PLASTIC PPE waste is to be given another life in a ground-breaking recycling collaboration featuring Alpha Solway in Dumfries.

They are teaming up with Heriot-Watt University to revolutionise how used waste, including masks and respirators, is treated and turned into new products.

Since the start of the pandemic, an estimated 8.4m tonnes of plastic waste has been generated from 193 countries, the majority of which ends up in landfill or, in some areas, in the ocean.

The new Knowledge Transfer Partnership (KTP) project will turn the waste into a secondary raw material called pyrolysis oil, which can then be refined into new commercial products like new PPE products or fuels.

The project, which aims to create a robust circular economy approach for plastics, will run for two years.

Over the last two years, Globus Group, which owns Alpha Solway, has been producing one billion medical masks and 300 million FFP respirators per annum for healthcare trusts across the UK. The manufacturing process currently results in 7g of waste material per medical mask.

The new scheme will develop an innovative process for cost and energy-efficient recycling and repurposing of this PPE waste. As part of the initiative, Globus Group has implemented innovative sustainable thermal heating technology at its factory in Dumfries, which will reduce the company’s PPE waste by an estimated 85 per cent and provide raw materials for new products.

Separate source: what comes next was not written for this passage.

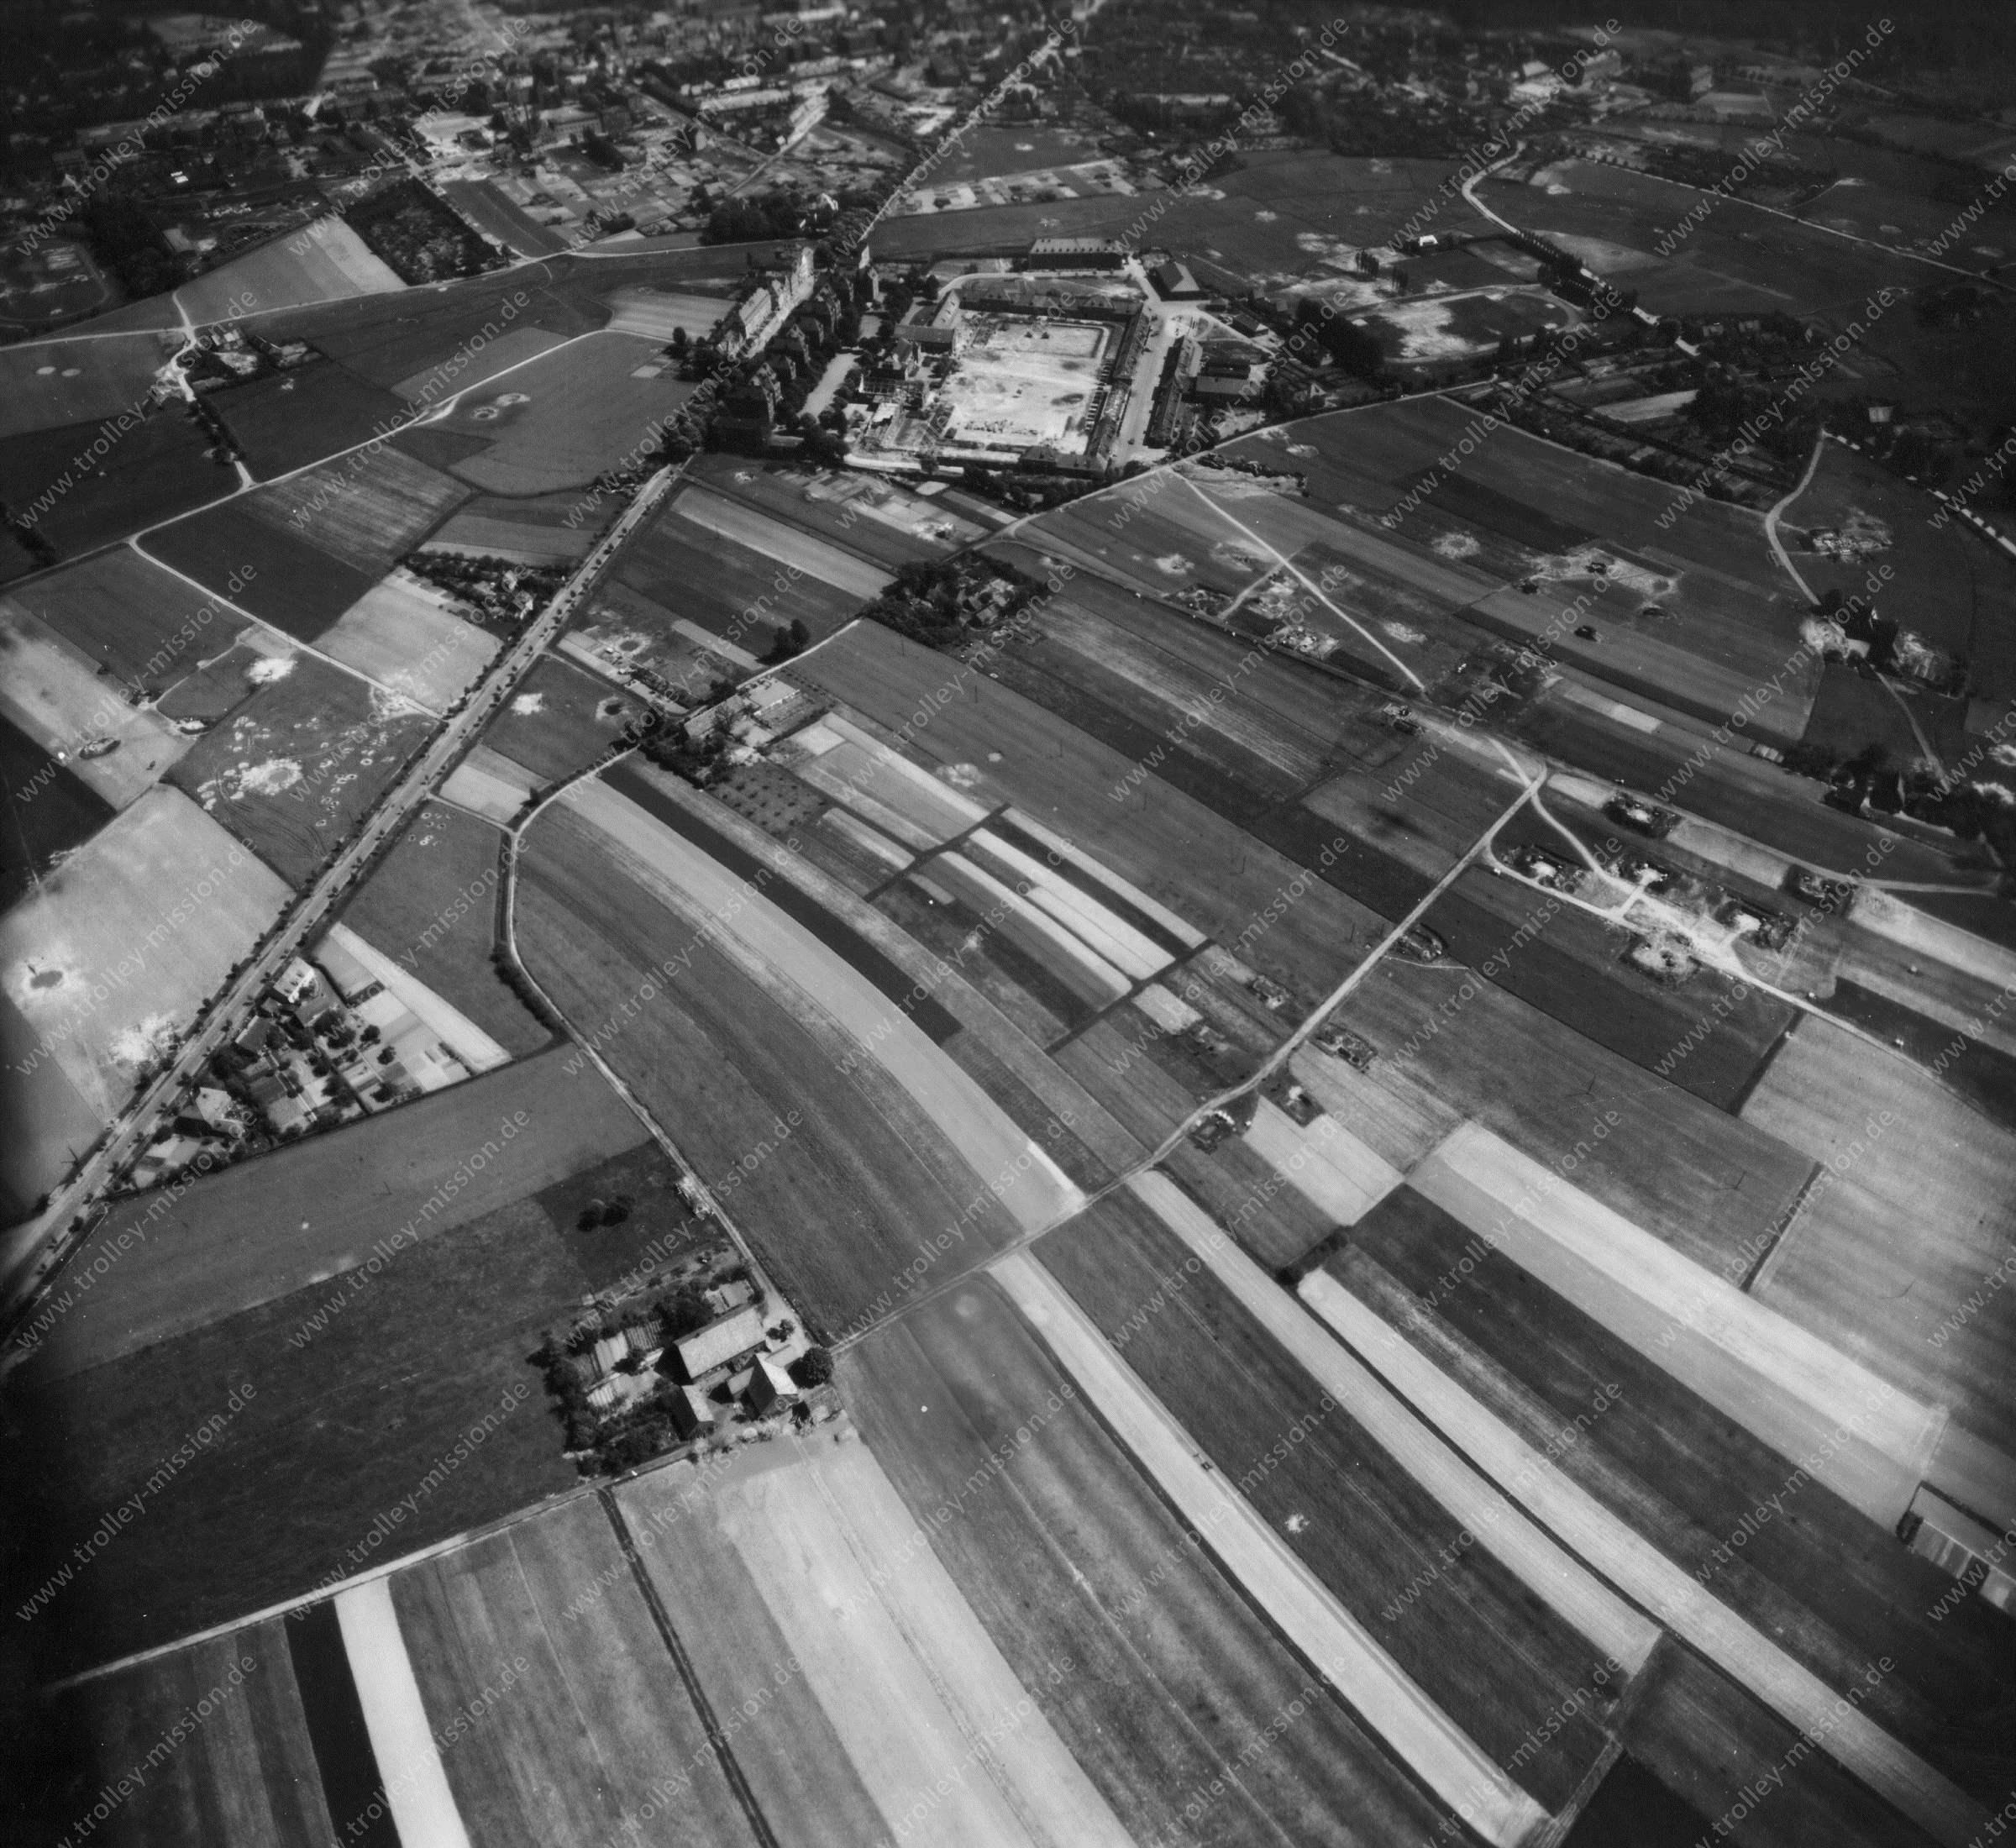 Luftbild von Münster am 12. Mai 1945 - Luftbildserie 1/11 der US Air Force

CEO Haraldur Agustsson said: “Placing environmentally green materials, technology, sustainability and recycling projects at the heart of our future strategy and investment is now key to our goals moving forward.”

Pete Lee, head of quality at Globus Group, added: “This machine is a fundamental part of our process to re-purpose and utilise waste material to achieve a circular economy.

“This technology will be a real game changer in the way we tackle our PPE waste.”

Dr Aimaro Sanna, an assistant professor in chemical and process engineering at Heriot-Watt University is an expert in thermochemical conversion of biomass and waste material. He said: “This project is a significant step towards addressing the increased waste generated during the global pandemic.

“Initially the research will help to recycle over 100 tonnes of product generated by the manufacturing process every year – the equivalent to 10kg of waste every hour.”